Having multiple thrusters, the vessel gains redundancy. If one thruster fails or requires maintenance, the remaining thrusters can compensate and maintain position or safely terminate the task. Redundancy improves the overall reliability and safety of DP operations.
The number of thrusters is determined based on the total thrust required to maintain the vessel's position in different environmental conditions. By distributing the thrust among multiple thrusters, the vessel can achieve the necessary force to counteract external forces effectively. This helps prevent excessive wear and tear on thrusters, extends their lifespan, and reduces maintenance requirements.
Thruster types of dynamic positioning vessels are:
Main propellers and rudders. Such thrusters are also called “main engines” and, depending on the kind of propeller, there are two types of them: Controllable-Pitch Propeller (CPP) and Fixed-Pitch Propeller (FPP). The difference between these two types is that the blades of the Controllable-Pitch Propeller are able to change the pitch angle (to turn). Thus, the change of the produced thrust is achieved by altering the blade direction (changing the angle of attack of the propeller blades). When the thrust is not required, blades are set to zero pitch and turned to one plane
Advantage of the Controllable - Pitch Propeller is that it is possible to keep the engine at the constant revolutions during maneuvers and there is no need for reversing the engine – in order to develop thrust astern, the direction of the blades is just changed accordingly. Fixed-Pitch Propeller, however, lacks such an option, as its blades do not change the angle of attack (the propeller is solid) and the thrust force can be controlled by increasing or decreasing revolutions per minute (RPM) only, while the engine is working at variable RPMs.
Characteristics, discussed above, are applied to all thrusters, where propeller is used. When the thrusters are controlled by the DP system, then DP system defines and controls the blade pitch and rudder angle to be made for keeping the vessel in position.
In order to avoid affecting one thruster by another (on the vessels with two or more azimuth thrusters), DP operator can activate function “Prohibited Azimuth Zone”. Pivoting 360°, azimuth thruster does not enter a particular sector. Prohibited sectors are usually set in the direction of the other thruster, so that they do not create the wash against each other, or in the direction of hydroacoustic systems (echosounder, HPR) to prevent interference.
Retractable azimuth thruster - such a thruster is hidden in the hull of the vessel during her passage and is retracted when it is necessary to improve her maneuverability (berthing) or to improve ability of the vessel to keep her position (DP operation). One shall remember that when this thruster is active, the draught of the vessel is increased by its length – particular caution is required in shallow waters and ports.
Azipod – is a variation of the azimuth thruster, with its electrical motor being mounted in the thruster itself (in the pod) and a propeller, connected directly to its shaft.

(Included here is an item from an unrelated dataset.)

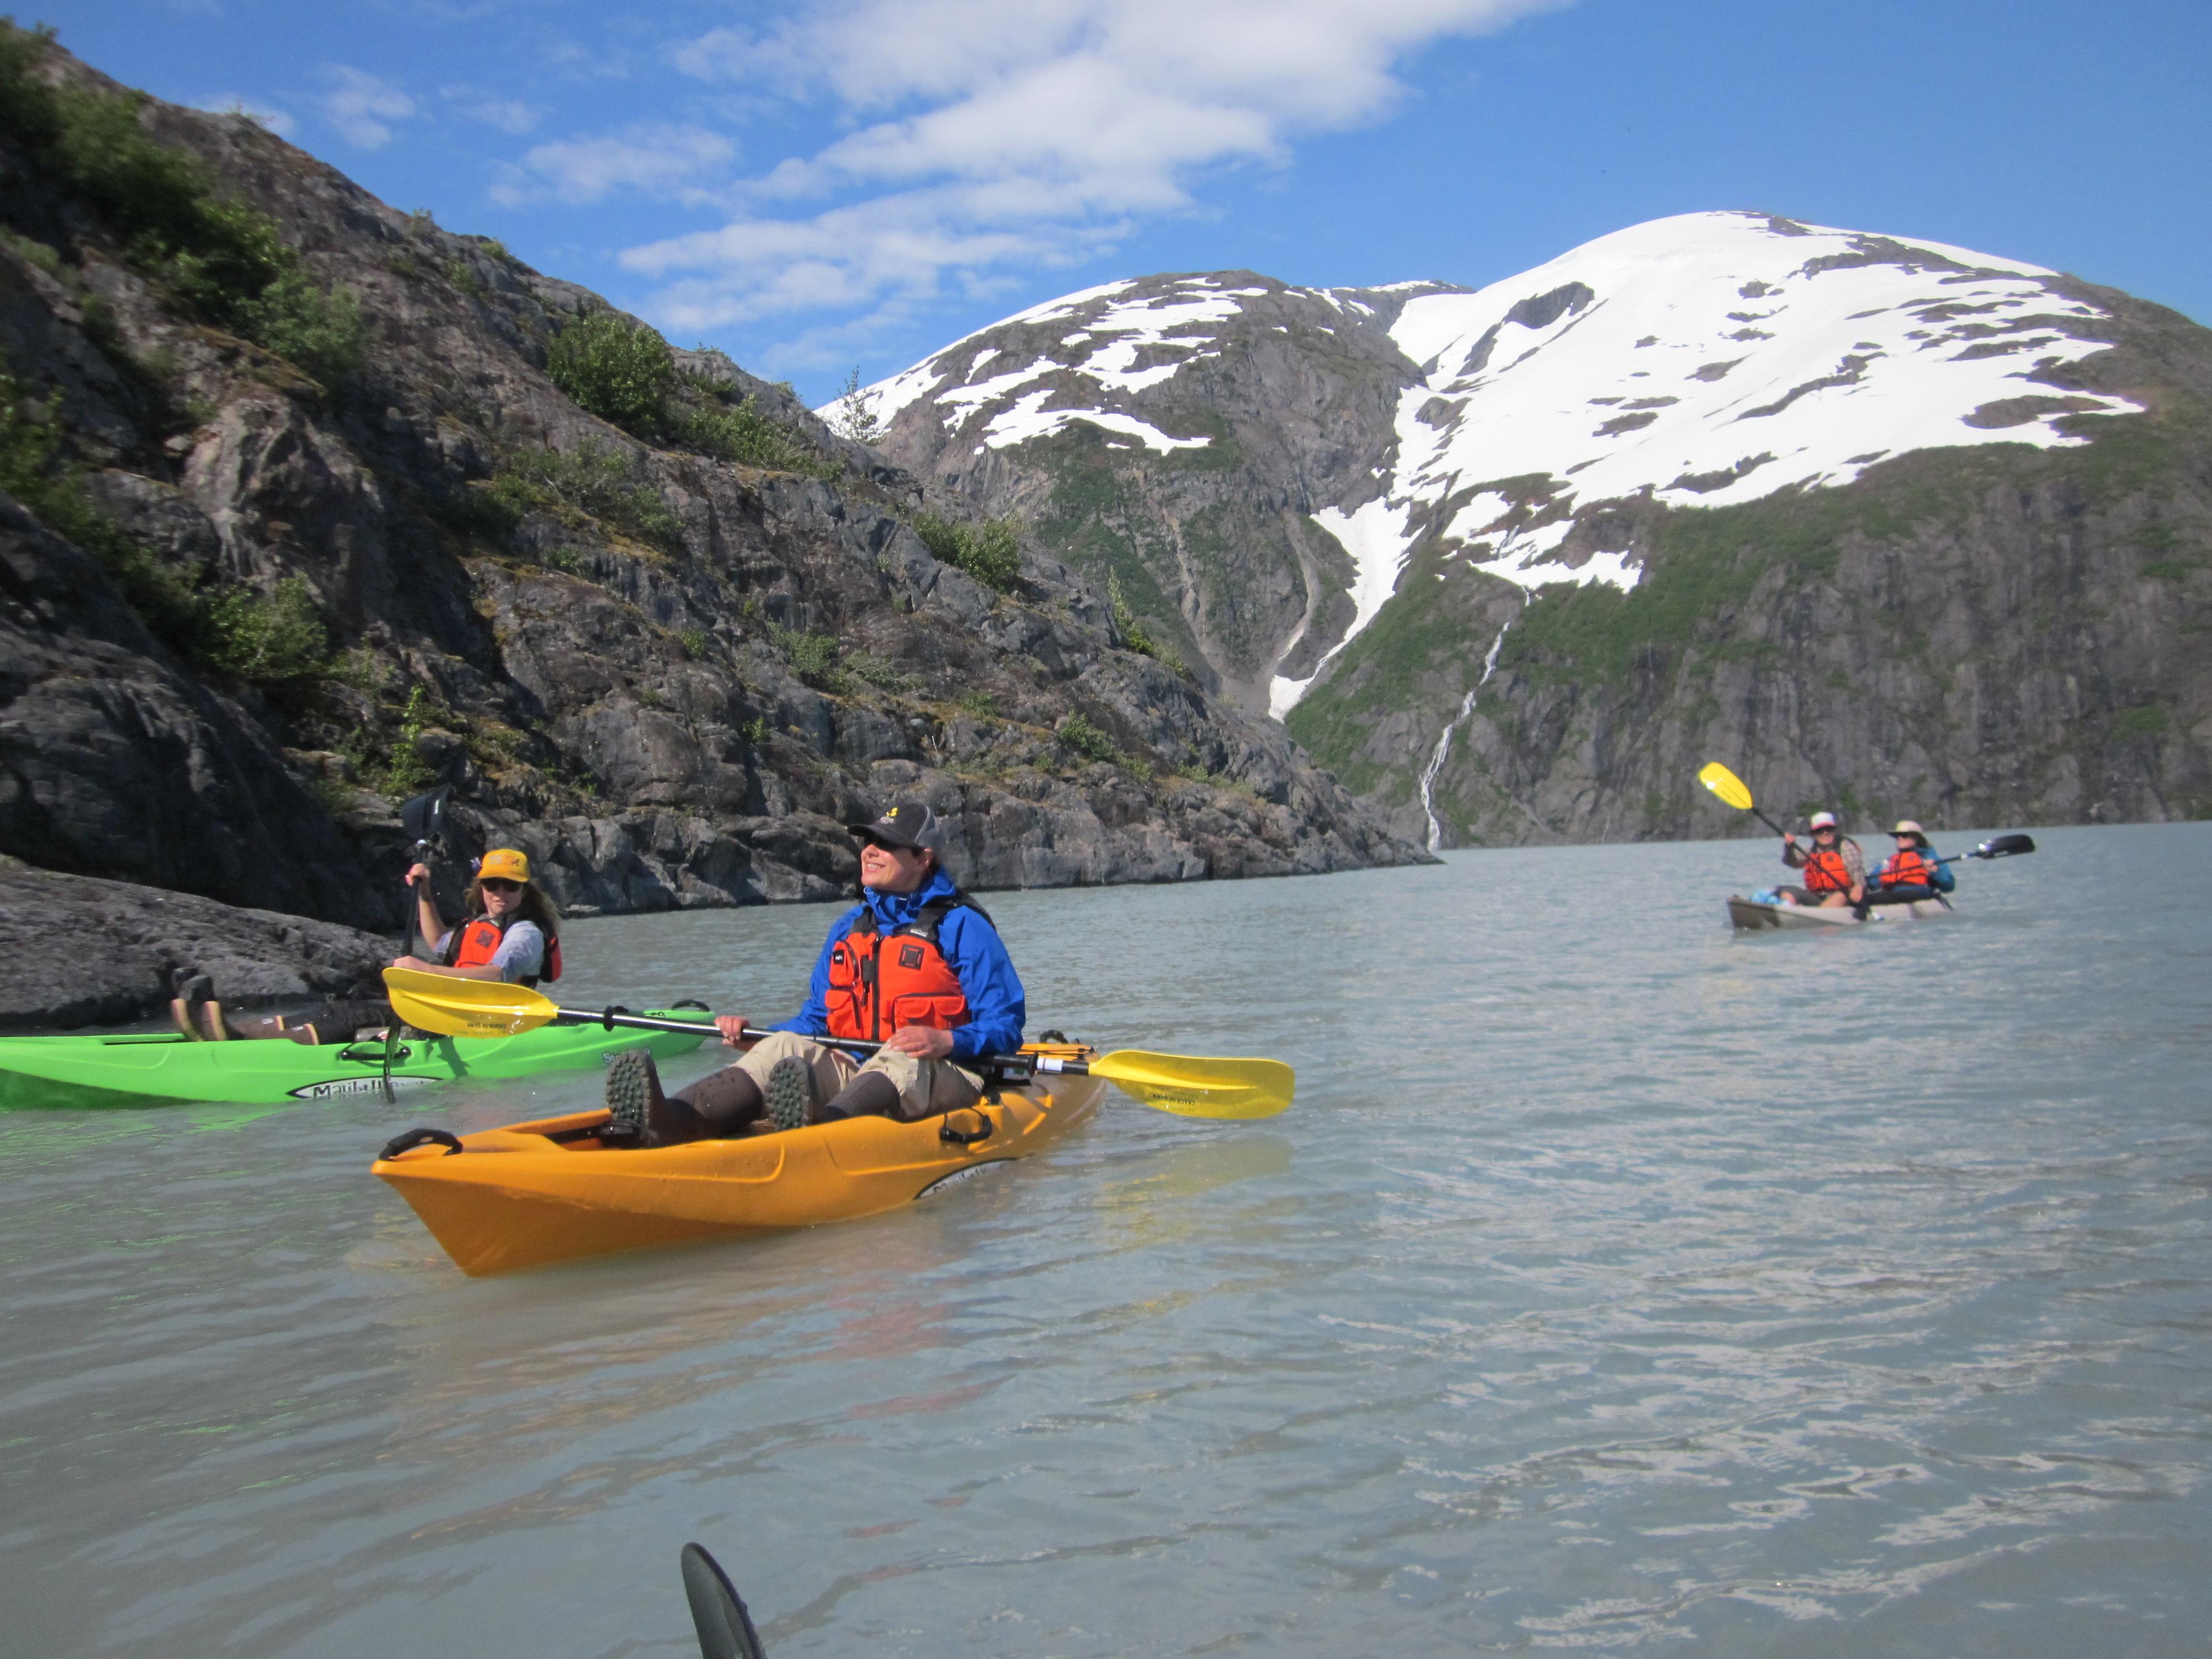 Alaska matanuska susitna county skwentna - Featured

Tunnel thrusters can be fitted in forward and aft part of the vessel. It is quite simple and reliable equipment. The tunnel of the thruster is located athwartships with the propeller inside – it can be either a controllable-pitch or a fixed-pitch one with the same characteristics and principles, intrinsic to already mentioned propellers.
Tunnel thrusters are rather effective in maneuvering at a slow speed and position keeping, as they develop the side thrust. However, these thrusters lose their efficiency at the speed higher than 3 knots and pitching.

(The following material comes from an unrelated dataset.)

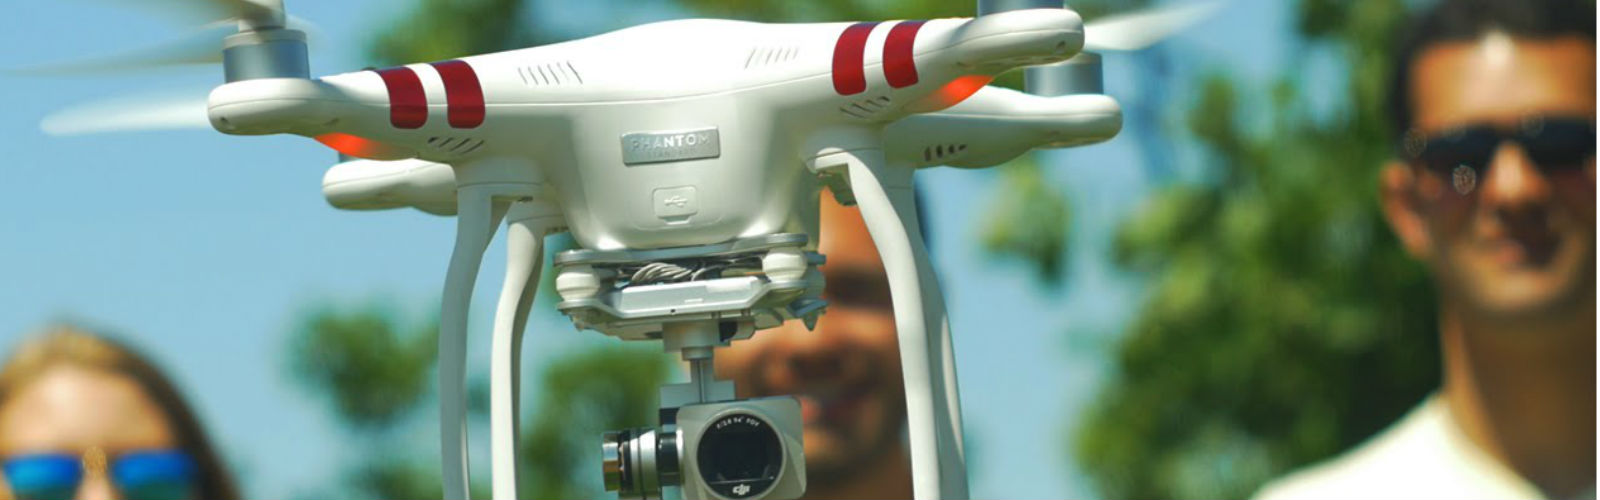 Phantom 3 Standard Drone Makes Your Photography Go Sky High

Waterjet and Gill jet thruster – belongs to a waterjet type of thrusters, where the propeller functions as a pump injecting the water to the channel through a pipe, located in the bottom part of the vessel’s hull.
Voith-Schneider thruster – is a laterally rotating cylinder with vertically installed and controllable blades, pivoting about their axis.
The first three types of thrusters, such as Main propellers and rudders, Azimuth thrusters, Tunnel thrusters are more common ones among those, described above. The regulations, however, do not contain any requirements as for the type of the thrusters to be fitted on board. They are the following:
The thruster system should provide adequate thrust in longitudinal and lateral directions, and provide yawing moment for heading control.
For equipment classes 2 and 3, the thruster system should be connected to the power system in such a way that rule above can be complied with even after failure of one of the constituent power systems and the thrusters connected to that system.
MSC.1/Circ.1580
It follows from these regulations that the DP system shall control three axes by means of thrusters: longitudinal, lateral and one for heading control – called surge, sway and yaw. Also, it can be concluded, that DP class 2 and DP class 3 vessels shall have at least four thrusters installed: two at the bow and two at the stern respectively.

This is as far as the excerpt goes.